To: Ron who wrote (125943)2/1/2008 4:51:27 PM
From: T L Comiskey  Read Replies (1) | Respond to of 362941
 
re
Looks like the Bush-Cheney energy policy is working.

THE FALLING WHEAT-OIL EXCHANGE RATE
From Chapter 2. Beyond the Oil Peak

Lester R. Brown, Plan B 2.0:
Rescuing a Planet Under Stress
and a Civilization in Trouble
(NY: W.W. Norton & Co., 2006).

While we focus on the oil used to produce food, the amount of oil that food will buy is falling precipitously. The shift in terms of trade between wheat and oil is both dramatic and ongoing. From 1950 to 1973, the prices of both wheat and oil were remarkably stable, as was the relationship between the two. At any time during the 23-year span, a bushel of wheat could be traded for a barrel of oil in the world market. (See Table 2–1.) 32

Since 1973, however, the relative values of wheat and oil have shifted dramatically. In 2005, it took 13 bushels of wheat to buy a barrel of oil. The two countries most affected by this dramatic shift are the leading exporters of these two commodities: the United States and Saudi Arabia. 33

The United States, both the largest importer of oil and the largest exporter of grain, is paying dearly for this shift in the wheat-oil exchange rate. The 13-fold shift since 1973 is contributing to the largest U.S. trade deficit in history and a record external debt. In contrast, Saudi Arabia—the world’s leading oil exporter and a leading grain importer—is benefiting handsomely. 34

While the exchange rate between grain and oil was deteriorating, U.S. oil imports were climbing. During the early 1970s, before the OPEC oil price hikes, the United States largely could pay its oil import bill with grain exports. But in 2004, grain exports covered only 13 percent of the staggering U.S. oil import bill of $132 billion. 35

The first big adjustment between oil and wheat came when OPEC tripled the price of oil at the end of 1973. During 1974–78, it took roughly three bushels of wheat to buy a barrel of oil. Then after the second OPEC oil price hike, which boosted oil from $13 per barrel in 1978 to $30 in 1980, it took eight bushels of wheat to buy a barrel of oil. 36

This steep rise in the buying power of oil led to one of the most abrupt transfers of wealth in history. The coffers of Saudi Arabia, Kuwait, Iraq, and Iran began to overflow with dollars while those of oil-importing countries were being emptied.

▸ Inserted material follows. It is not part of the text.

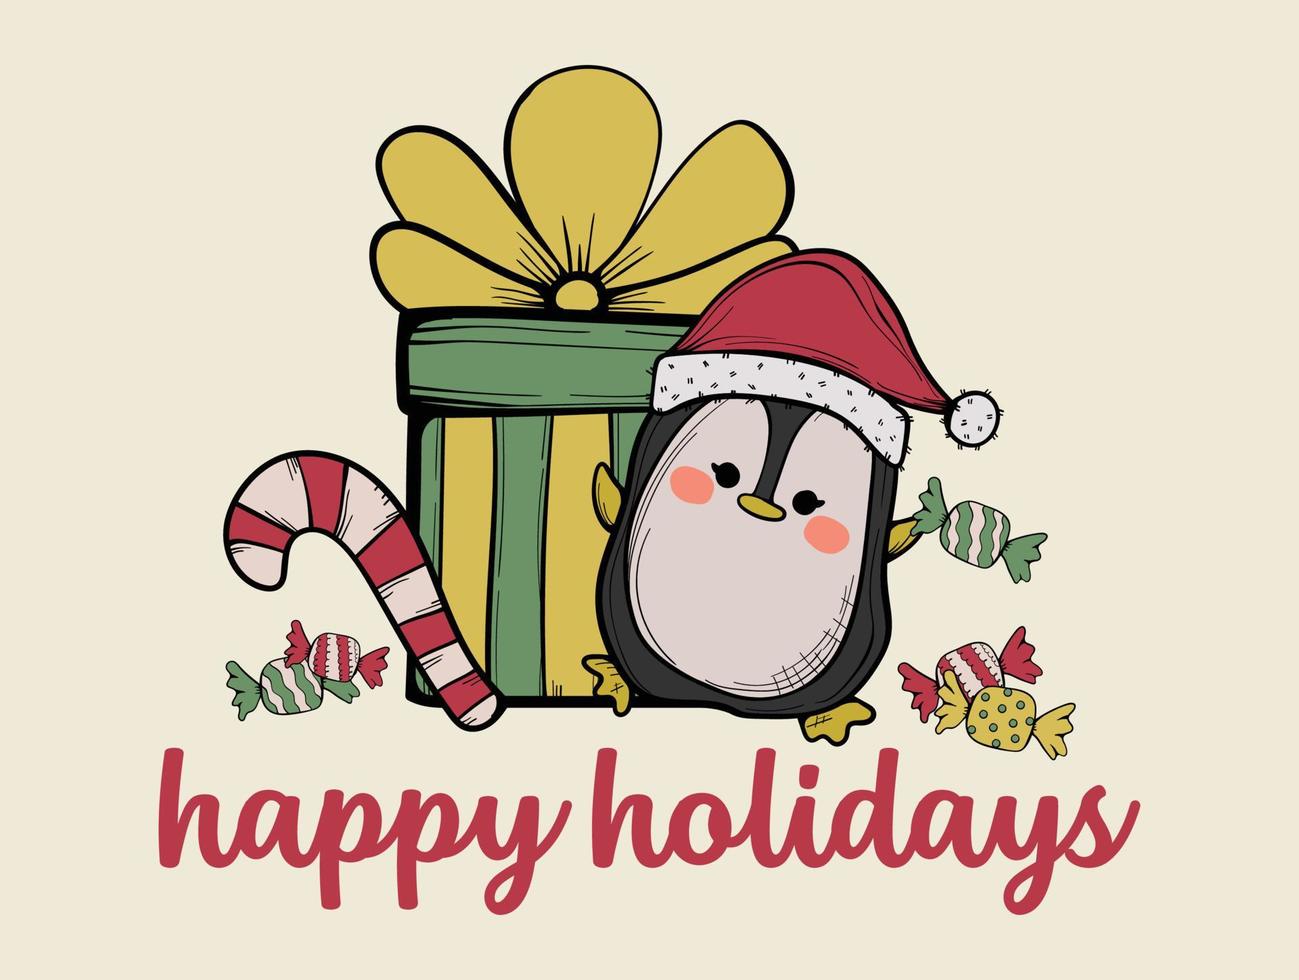 Happy Holidays Text with a Penguin Greeting Card Composition Template for Celebration Illustration vector
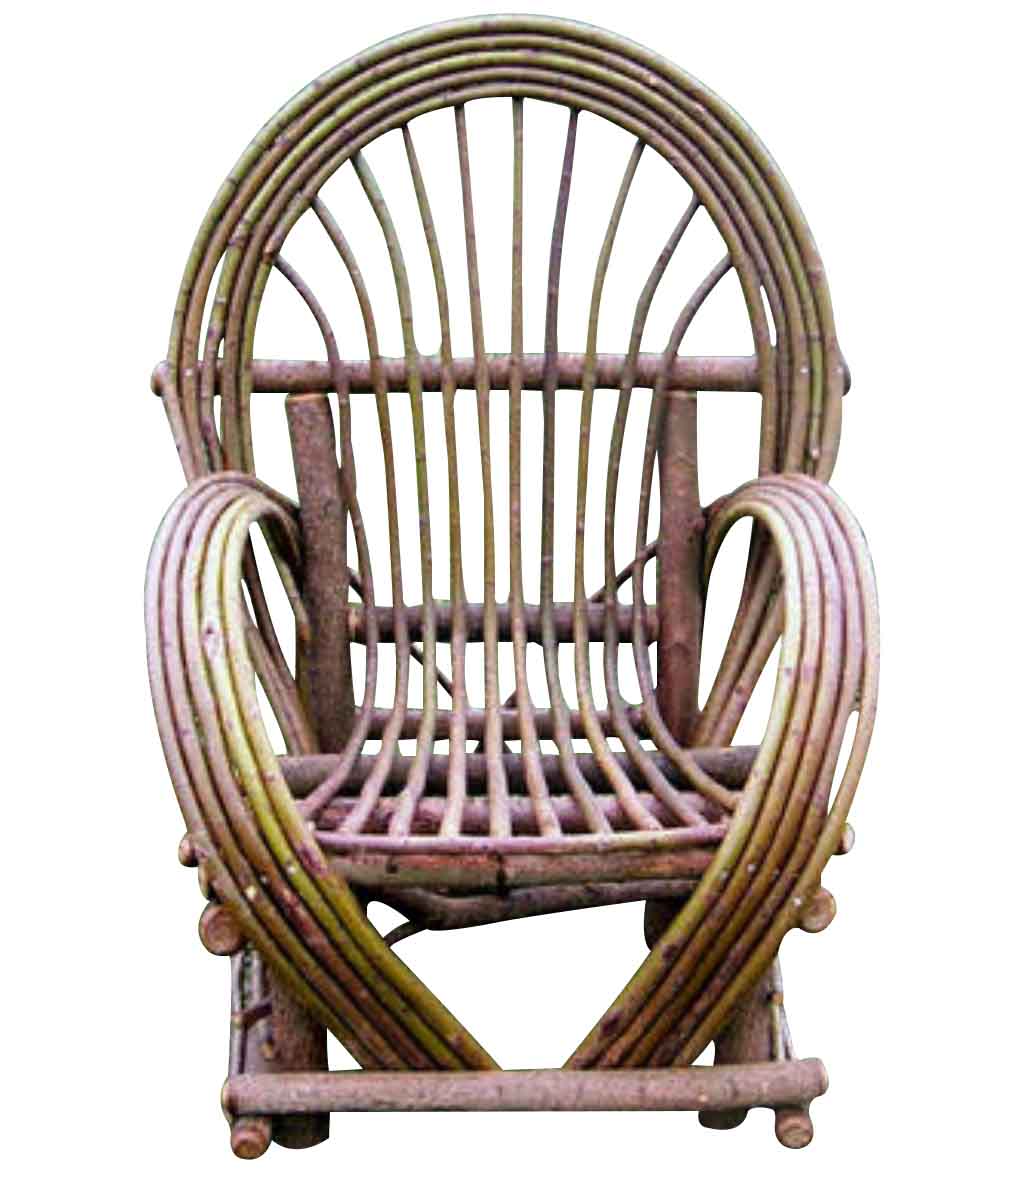 Willow Arm Chair Rustic Artistry

No one knows exactly what will happen to the wheat-oil exchange rate in the years ahead, but as the number of grain-based ethanol distilleries producing automotive fuel grows, the profitability of converting grain into fuel may stabilize the wheat-oil exchange rate.

The United States is pressing the Saudis to produce more oil. Yet the answer is not for the Saudis to produce more, even if they can, but for the United States to consume less. Unless the United States assumes a leadership role, Saudi Arabia will continue to dictate not only the exchange rate between oil and grain but also U.S. gasoline prices.



To: Ron who wrote (125943)2/1/2008 5:15:04 PM
From: ThirdEye  Respond to of 362941
 
BANANA REPUBLIC, WITHOUT THE BANANAS...OR THE REPUBLIC
by Bill Bonner

The dollar is falling against almost everything...even against Iraq’s dinar.

Both Bernanke’s rate cuts and Bush’s ‘tax rebate’ plan have a fruity odor to them. The tax ‘rebates,’ for example, will not return any money to its rightful owners. The U.S. government can’t afford it. Instead, they’ll send out checks to 117 million people – including many who never paid any tax in the first place, encouraging people who have already spent too much to spend even more. Where will the money come from?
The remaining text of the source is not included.